Clinical Research Staff and Protocol Coordinators

The SGFS will annotate new and existing exome and genome sequencing data for the presence of "actionable secondary findings." Participants with confirmed secondary findings will be offered genetic counseling to disclose these results with the SGFS genetic counselor.

The complete Guidance Memo describes the SGFS in detail.

How does it work?

We review your research sequence data to look for possible secondary findings
  • We will review your de-identified data. All findings are considered preliminary until confirmed with a second sample.
  • We will call you if we find possible secondary variants for return.

Down arrow

We need to know who the best point of contact is for us to work with.
  • We will also want to talk with someone in your group who is familiar with the participant and can give us some basic information, like the participant's name and what language they speak, etc.

Down arrow

SGFS staff will coordinate getting a second sample from your participant
  • PLEASE REVIEW THE SECTION ON CONSENT FOR INFORMATION ABOUT HOW TO TALK WITH PARTICIPANTS ABOUT THIS POSSIBILITY
  • You will need to register your patient at the NIHCC (if he/she is not already registered) and enter an order in NHGRI Genomic Variant Confirmation (CRIS) for confirmation of research findings

Down arrow

We will confirm the preliminary finding and provide genetic counseling to your participant
  • We will send your participant a counseling letter, file the result in the NIH medical record, and complete a genetics consult

 

 

What's an actionable secondary finding and why return it?

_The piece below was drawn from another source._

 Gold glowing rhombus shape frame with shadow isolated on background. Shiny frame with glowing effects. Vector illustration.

  • Actionable secondary findings are generally unrelated to your primary research questions, but should be returned to participants
  • Currently, the American College of Medical Genetics recommends that variants in 59 genes be returned to people undergoing clinical sequencing - this is frequently referred to as the "ACMG list."
  • Secondary findings are genetic predispositions to treatable or preventable diseases that participants may not have been aware of - they have the potential to improve health outcomes for your participants and their families
  • Most participants, when asked, say that they would like to receive this kind of information.

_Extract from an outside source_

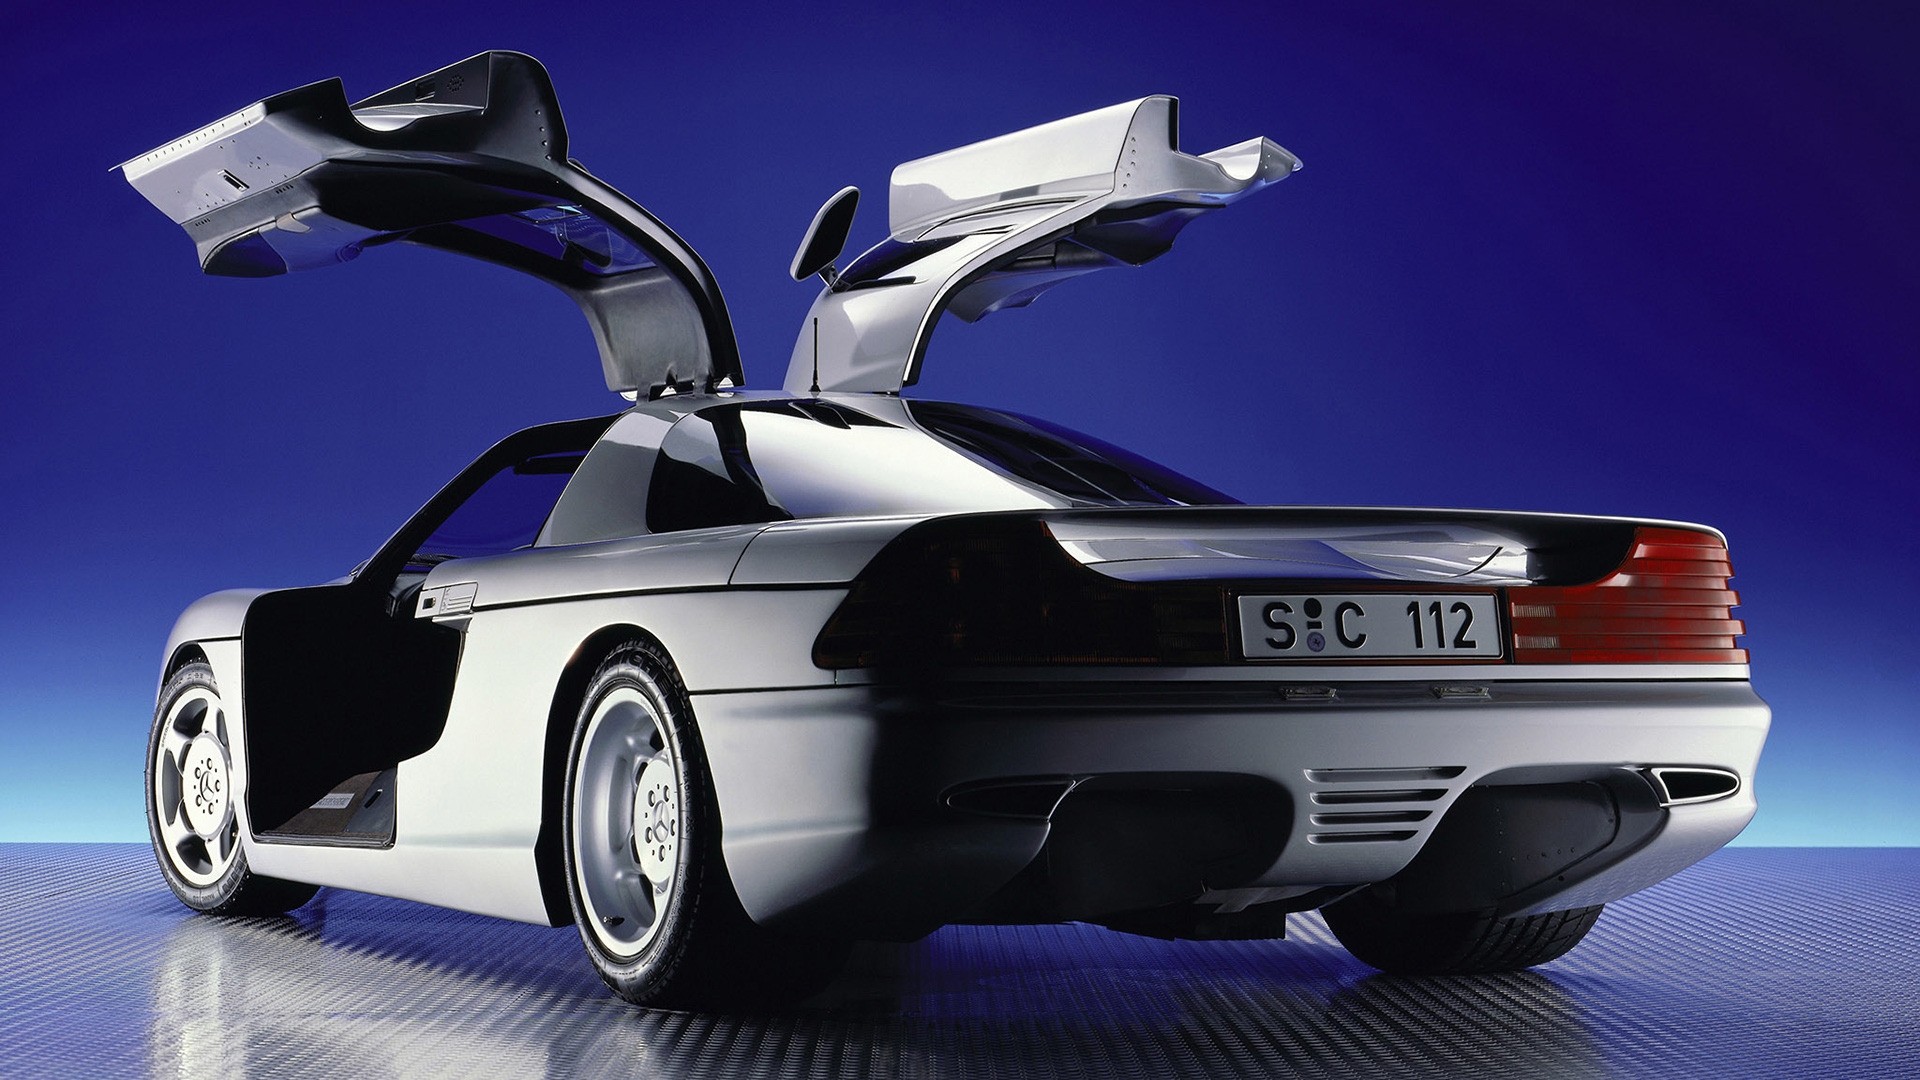 Mercedes C112 Concept 1991 for 1920 x 1080 HDTV 1080p resolution

What does genetic counseling for secondary findings look like?

A very brief outline of the results return counseling session is:

  • Disclosure of result
  • Communication of recommendations for healthcare
  • Family history and risk assessment
  • Psychosocial assessment
  • Referral to appropriate provider near the patient's home
  • A genetic counseling letter and the result will be sent to the patient and a genetics consult will be entered into CRIS.

Key points to consider when submitting an application to the SGFS

  • Don't give participants a choice about receiving secondary findings if you intend to submit your exome data to us for annotation; we assume that every patient's data we review has consented to have their exome analyzed for these variants
  • Consider characteristics about your cohort or an individual participant that might complicate the return of secondary variants and be honest about these complications when consenting participants (e.g., your cohort/participant is not English-speaking, lives outside the US, has little access to healthcare, or all three)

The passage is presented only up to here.